In summary, shared labels, temporal proximity, topology, and trace propagation collectively reach into layers 1 and 2. Layers 4 through 6 – causality, dependency, and constraints – are entirely outside the scope of what “context” addresses. That is the gap.
Conclusion
Context – shared labels, topology map, temporal proximity, trace propagation – is a necessary foundation for navigating observability data. It is not sufficient for understanding systems. The jump from “we can see the signals” to “we understand what is happening and why” requires explicit semantic models at six distinct layers: entity, topology, behavior, causality, dependency, and constraint.
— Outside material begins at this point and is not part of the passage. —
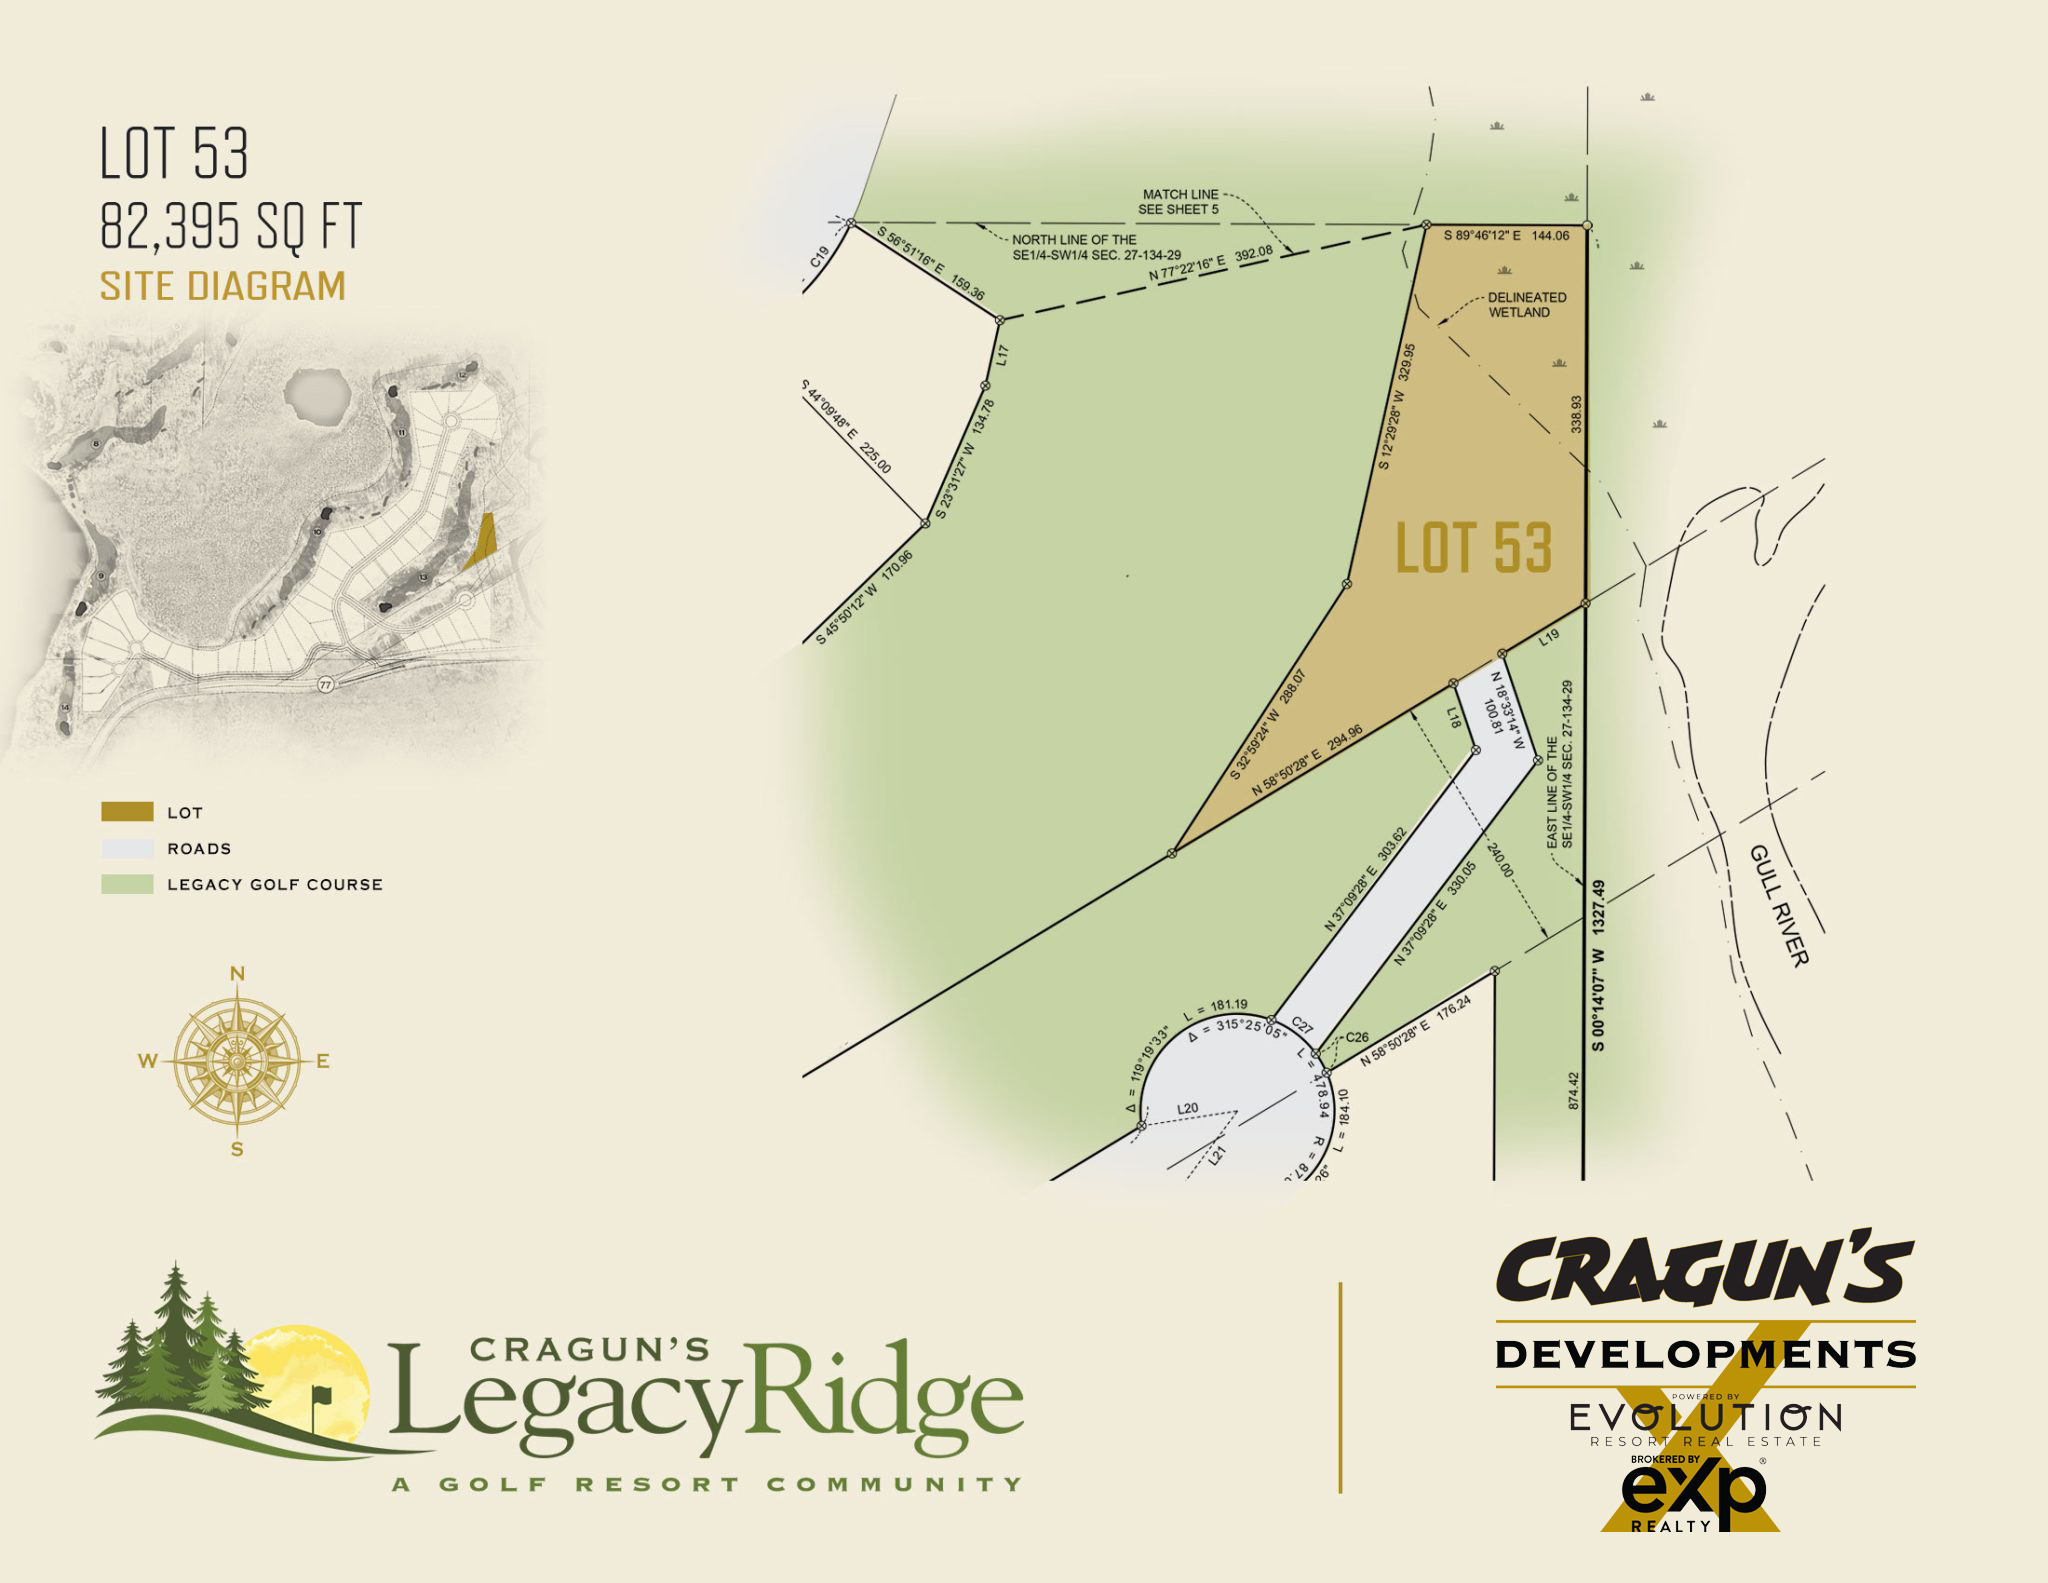 Legacy Ridge Lot 53 at Cragun's Developments in Brainerd, MN

The practical implication for SREs and platform engineers is that runbooks, tribal knowledge, and escalation paths are informal implementations of layers 4 through 6. The question is not whether to encode this knowledge, which already exists, but whether to leave it implicit in human memory or make it explicit in a form that tooling can reason about.
Making semantics explicit is what makes a system legible to an AI agent. An agent reasoning over shared labels, topology, and temporal proximity alone is restricted to the same navigation problem a human faces, pivoting between signals without a model of why they are related. An agent reasoning over layers 4 through 6 can answer the questions that actually drive incident response, capacity planning, and change approval: what is causing this symptom, what is the blast radius of a degraded component, what configuration change would restore the constraint, and what would happen if that change were made. These questions do not require new data; the telemetry, configuration, and trace propagation already carry the raw signal. What they require is a model that the agent can reason against. One that encodes the causal, dependency, and constraint knowledge that today lives only in the engineers who happen to remember.
Semantics is not an observability feature. It is the foundation that makes observability useful.